From the moment Anand arrives in his village, he is bombarded by tradition. Because he’s unmarried, his relatives believe he shouldn’t light his father’s funeral pyre. They also demand that he not wear his black t-shirt, even if he says it’s really dark grey. There are other rules he must abide by during the 10-day mourning period: No footwear until the tenth day, or going to anyone’s house—if he does, he must sit on the floor. He must also sleep on the floor and limit himself to two homemade meals a day, with no extra helpings, rice, or milk. He can only drink black tea and must not enter temples or trim his hair or beard.
Despite the gravity with which they deliver these rules, it’s obvious there’s some leeway or confusion. If Anand’s hungry in between meals, he can eat fruits. Also, no one’s sure whether he can wash his head. These customs aren’t discredited—Anand ultimately respects these tenants—but Kanawade also isn’t afraid to play up their absurdity for winking laughs.

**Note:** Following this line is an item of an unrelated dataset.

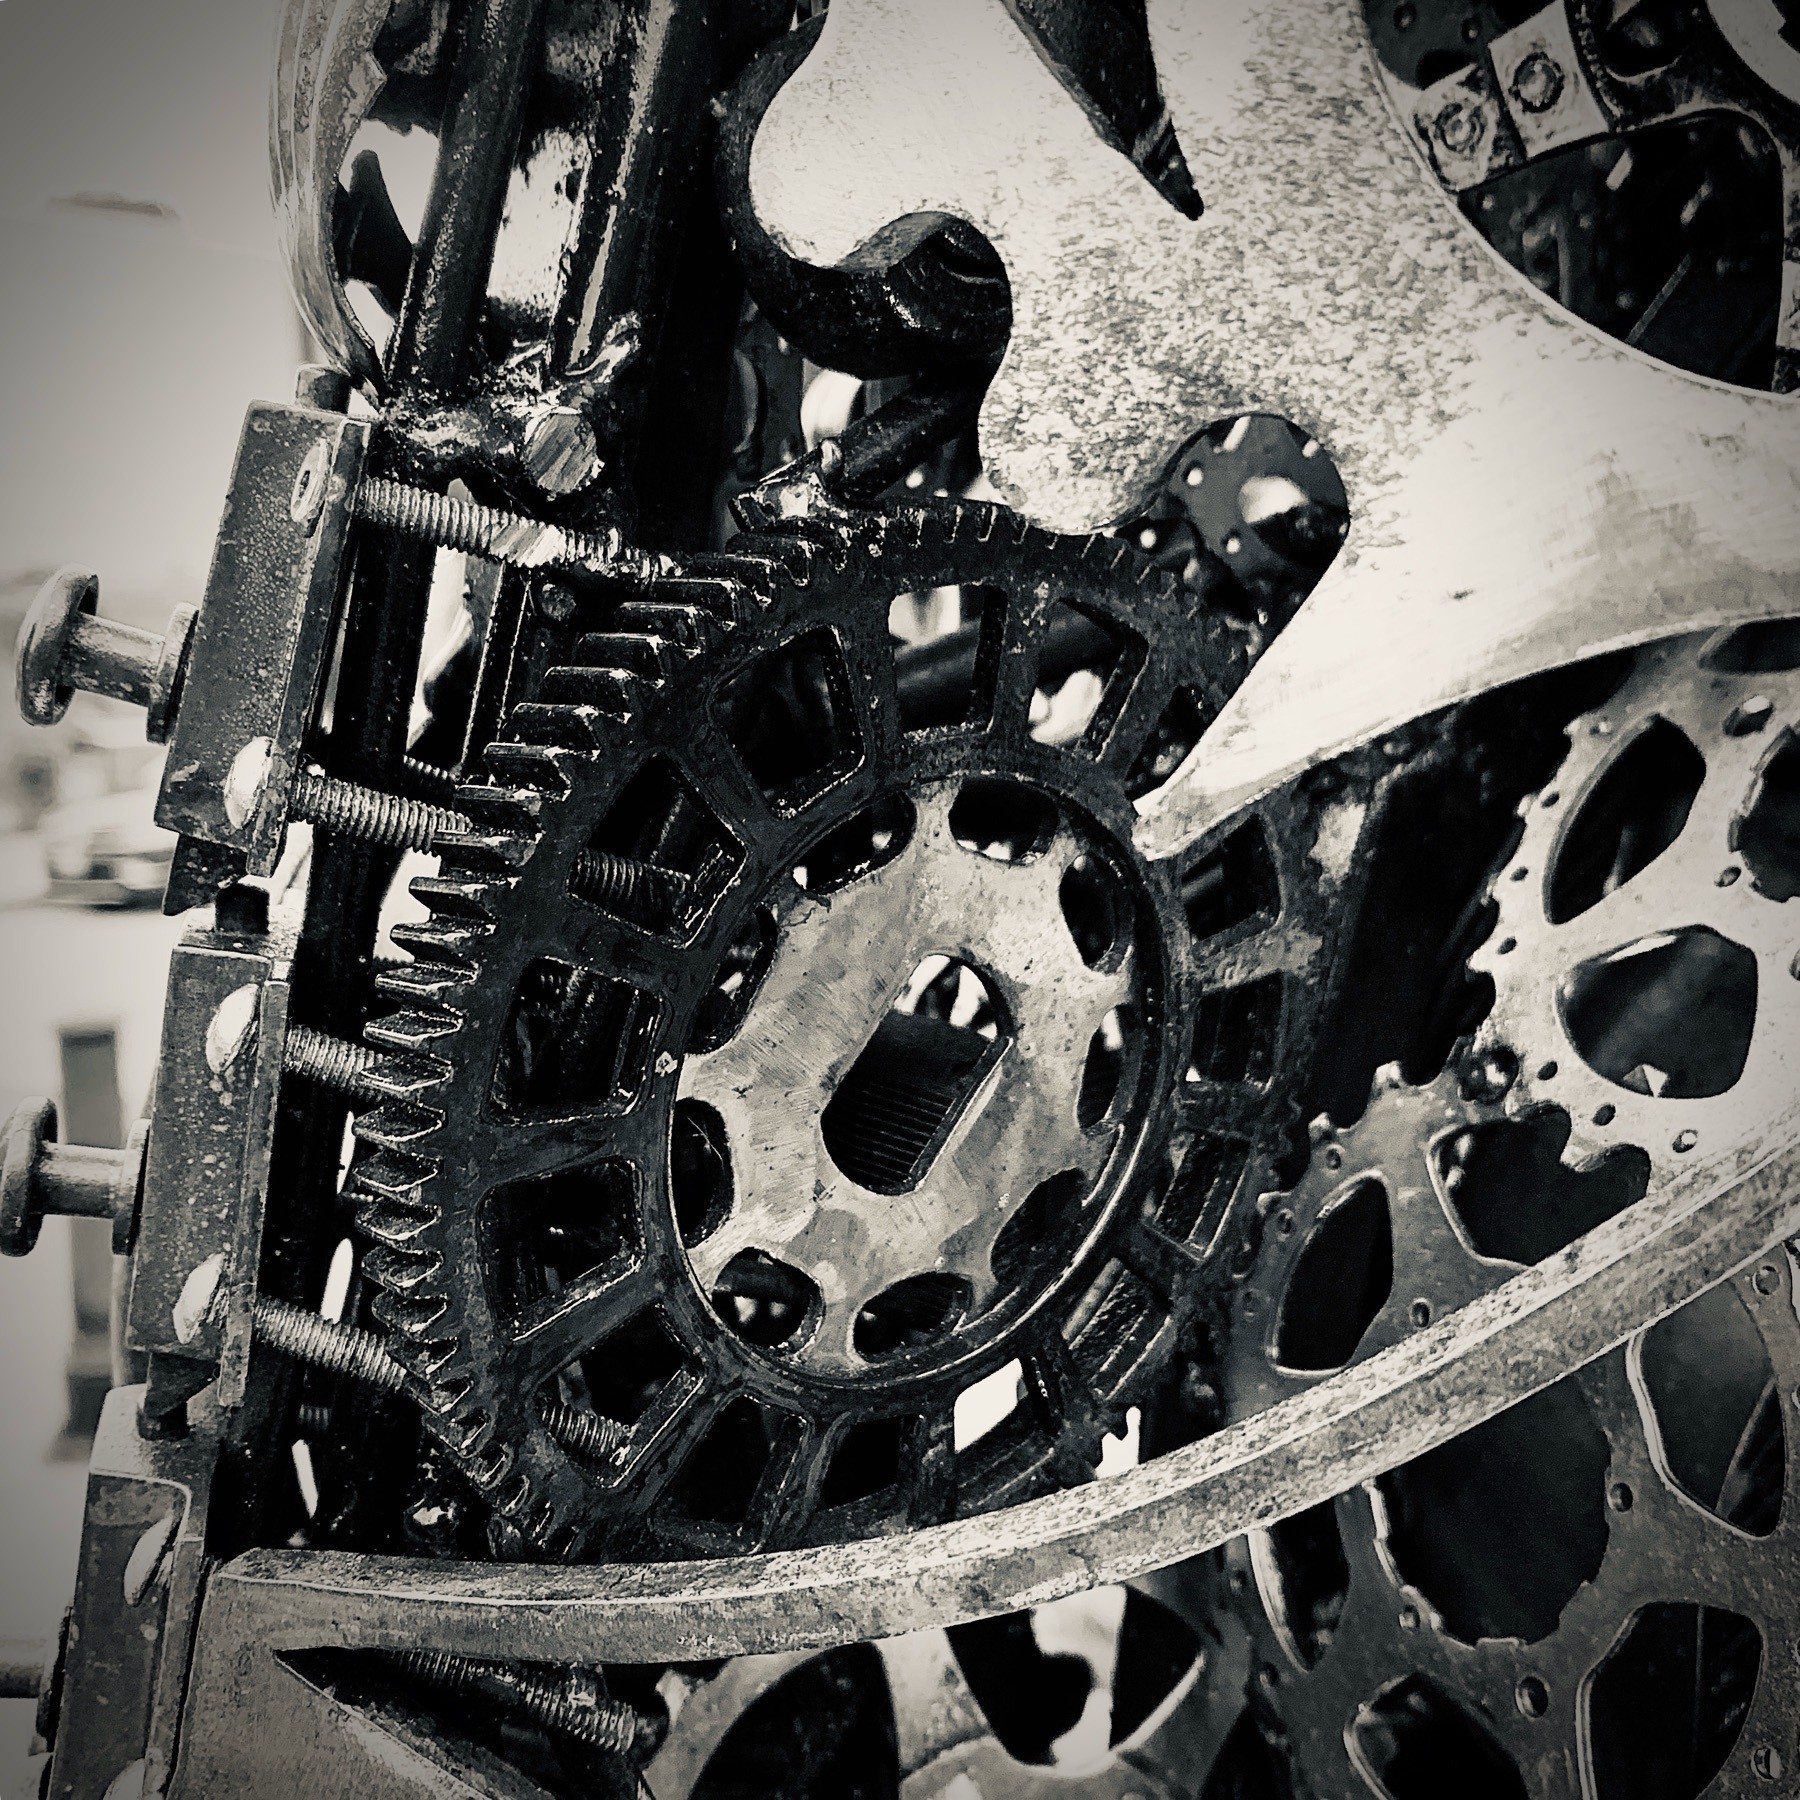 Close up of bicycle gears and sprockets from a sculpture.

While Anand can follow these guidelines without much worry, there’s a glaring blemish he can’t hide. He isn’t married. His mother has explained away his bachelorhood by concocting a story that frames Anand as a man so heartbroken by the infidelity of a potential spouse that he now can’t bring himself to marry until he finds the perfect woman.
That story, of course, doesn’t hold a drop of water. Anand is gay.

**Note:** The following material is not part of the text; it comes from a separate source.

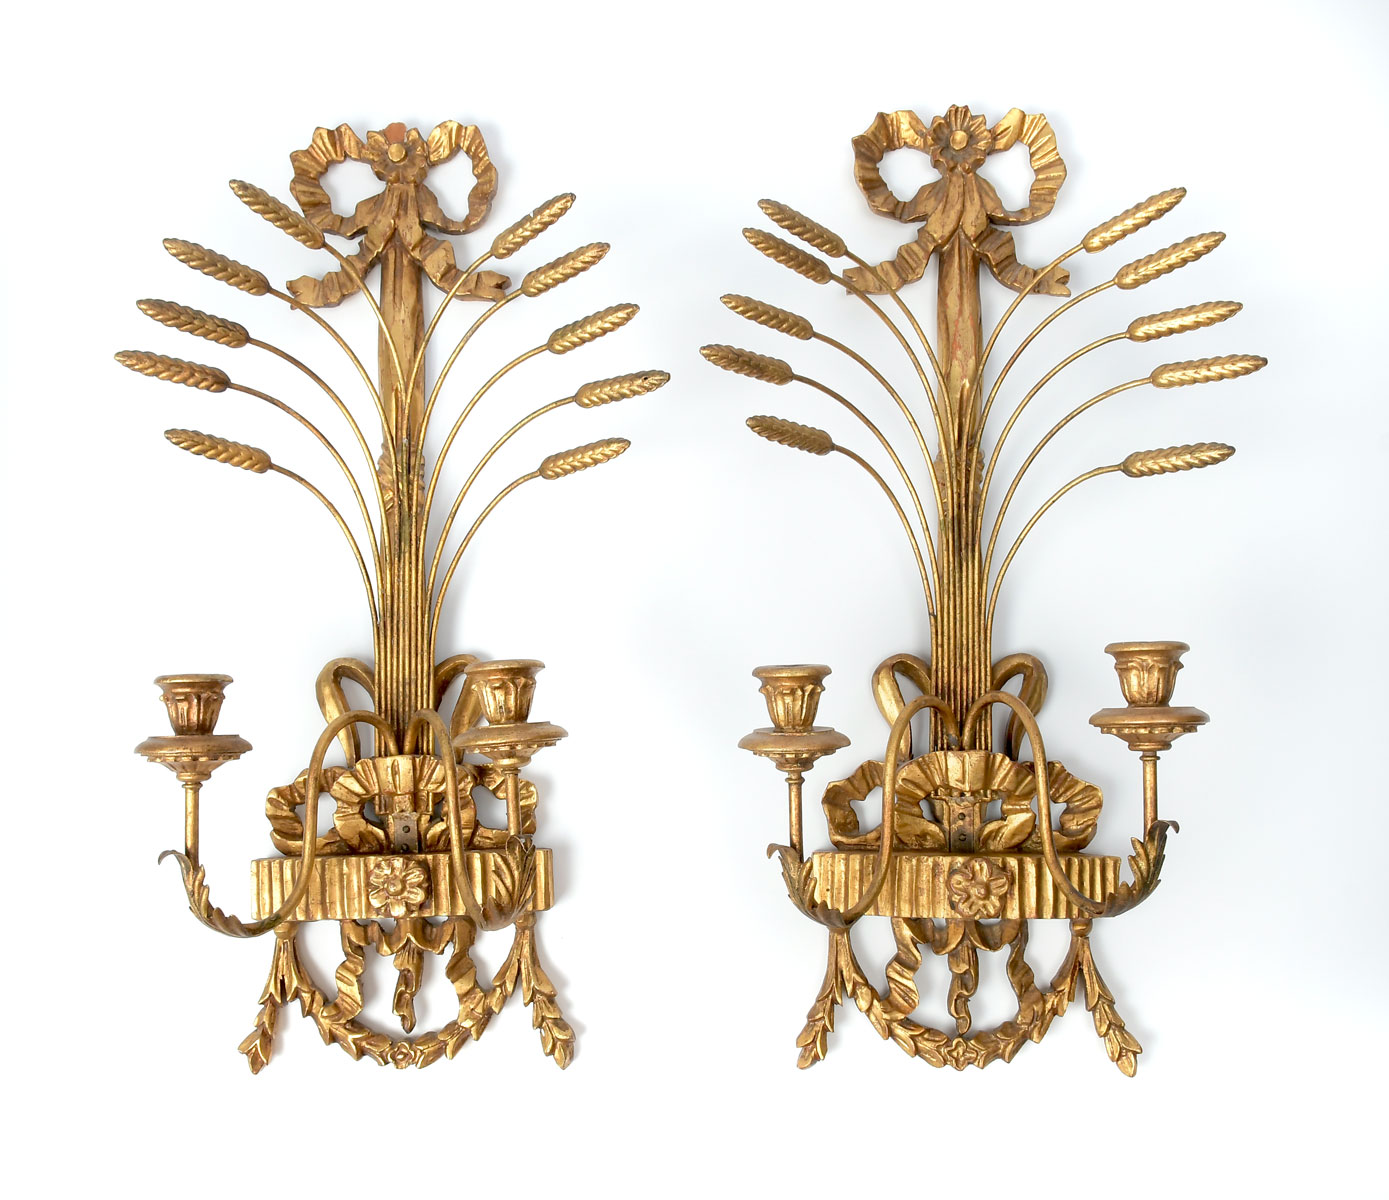 PAIR OF CARVED GILT ITALIAN WALL

And what makes his father’s passing particularly hard is that he accepted his son’s homosexuality despite, like Anand’s mother, deciding to keep that truth away from their family. Anand’s extended relatives buy this subterfuge mostly because he lives in Mumbai, and they consider the city strange enough to explain away whatever questions they might have. The only hitch in Anand’s presentation is the allure of his former flame, Bayla (Suraaj Suman). Within a day of Anand’s arrival, the pair begin seeing each other again, sharing furtive glances and motorcycle rides across the vast plains.

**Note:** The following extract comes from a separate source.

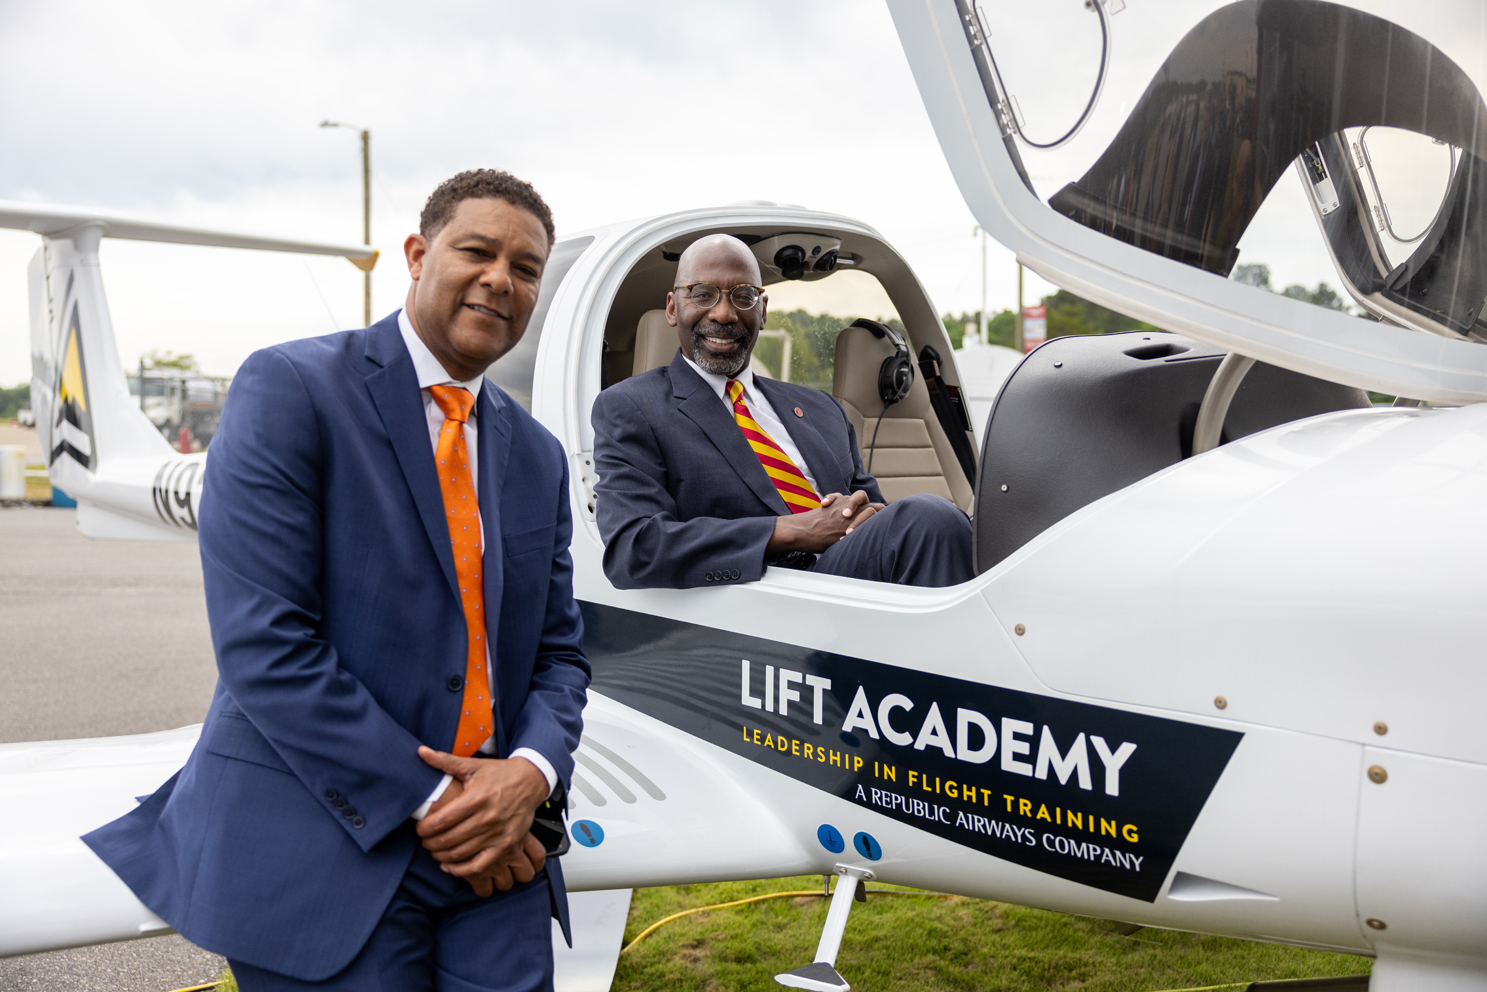 Provost S. Keith Hargrove tests the LIFT aircraft students will learn to fly, along with Darrel E. Morton, Sr. Manager Educational Programs and Diversity Partnerships, Republic Airways.

Kanawade has a knack for imbuing the smallest action with a sense of care. Consider the moment where Anand and Bayla spend a night sitting together near a square. As Anand smokes, Bayla observes him. Kanawade and his DP Vikas Urs employ their static lens again, allowing us to catch every detail of Suman’s palpable performance: his nervous gulps, his eyes tilting up and down Anand’s lithe frame, his shy posture. At another point, Bayla can’t help but caress Anand’s curly hair—Kanawade opts for an extreme close-up to bask in Bayla’s soft fingers twirling Anand’s fluffed hair. A nighttime dip in a pond offers another opportunity for a full embrace, dissolving away whatever fear Anand might have of being discovered. And of course, the deliverance of de-thorned cactus pears, whose red fleshy heart mirrors this simmering romance, serves as a thoughtful, thematically relevant aphrodisiac.
The filmmaker displays an even softer touch as he builds his characters. Anand’s stern mother is revealed to be softer, kinder, and far more understanding than we might have initially perceived. Bayla, like many of the closeted men in the village, ponders what it might be like to leave. Anand works an exploitative job that demonstrates how the urban brings its own systemic limits. In this sense, Kanawade’s choice of a frame with rounded edges symbolically and aesthetically establishes this world as one featuring elastic people taking circuitous routes toward happiness. And like the titular fruit at the center of “Cactus Pears,” sweetness abounds at the core of its compassionate beauty.